Great Advice on How to Be Creative
Found this great list of advice from the Gaping Void Site. You can see 31 points of advice, some of the best quotes include:
- Ignore Everybody: GOOD IDEAS ALTER THE POWER BALANCE IN RELATIONSHIPS, THAT IS WHY GOOD IDEAS ARE ALWAYS INITIALLY RESISTED.
- Sing in Your Own Voice: Piccasso was a terrible colorist. Turner couldn’t paint human beings worth a damn. Saul Steinberg’s formal drafting skills were appalling. TS Eliot had a full-time day job. Henry Miller was a wildly uneven writer. Bob Dylan can’t sing or play guitar.
- Keep Your Day Job: THE SEX & CASH THEORY: "The creative person basically has two kinds of jobs: One is the sexy, creative kind. Second is the kind that pays the bills. Sometimes the task in hand covers both bases, but not often. This tense duality will always play center stage. It will never be transcended."
- Avoid the Watercooler Gang: In retrospect it was Ted’s example that taught me a very poignant lesson- back then I was still too young and naive to have learned it by that point- that your office could be awash with Clio’s and One Show awards, yet your career could still be down the sink-hole.
- The best way to get approval is not to need it: This is equally true in art and business. And love. And sex. And just about everything else worth having.
- Power is Never Given, Power is Taken: You don’t get the dream job because you walk into the editor’s office for the first time and go, "Hi, I would really love to be a sports writer one day, please."You get the job because you walk into the editor’s office and go, "Hi, I’m the best frickin’ sports writer on the planet." And somehow the editor can tell you aren’t lying, either.

The other way is to join us at T4td Corp.
You could start with our post titled: Help yourself on Feb 6th.
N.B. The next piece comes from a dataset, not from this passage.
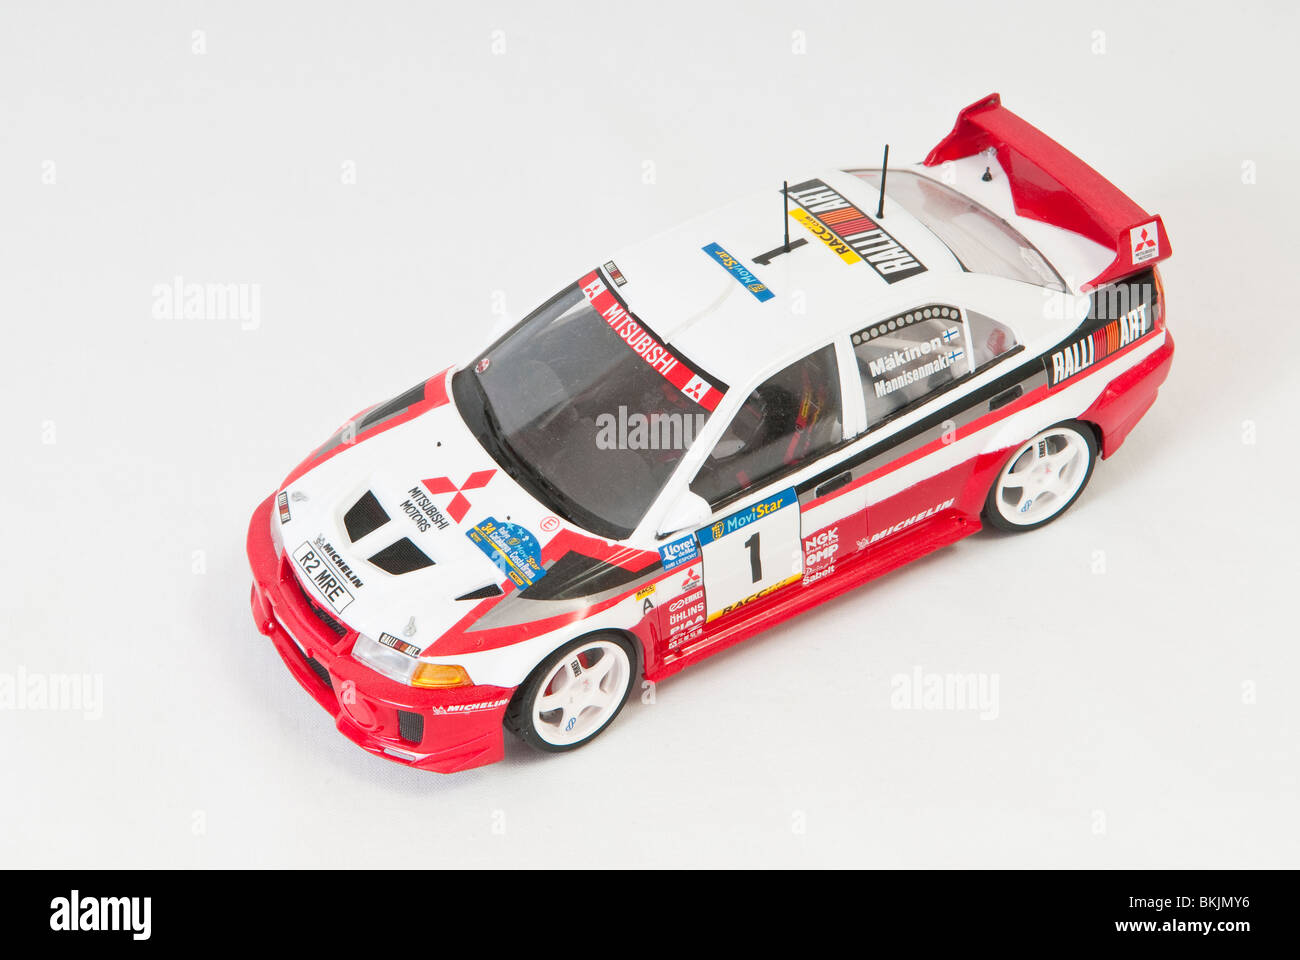 Model Of A Mitsubishi Evo 6 Rally Car Stock Photo

http://t4td.blogspot.com/2007/02/help-yourself.html
Thank you.
T4td Corp.
We’re behind you.
Hmmm – very interesting – I thought this was some sort of auto-responder or something at first. In response to your post, I think that there is excellence in every genre, including self-help. I used to loathe them too since I truly don’t believe that there is one stock answer to all problems like some of the bad ones claim. But, it is not worth writing off the whole genre. Most of the very smart people I know have gotten something out of one book in the self-help section in their lives, whether it be for relationships, career or life goals. It is just another way to deal with the complex world that we are in today – what is wrong with that?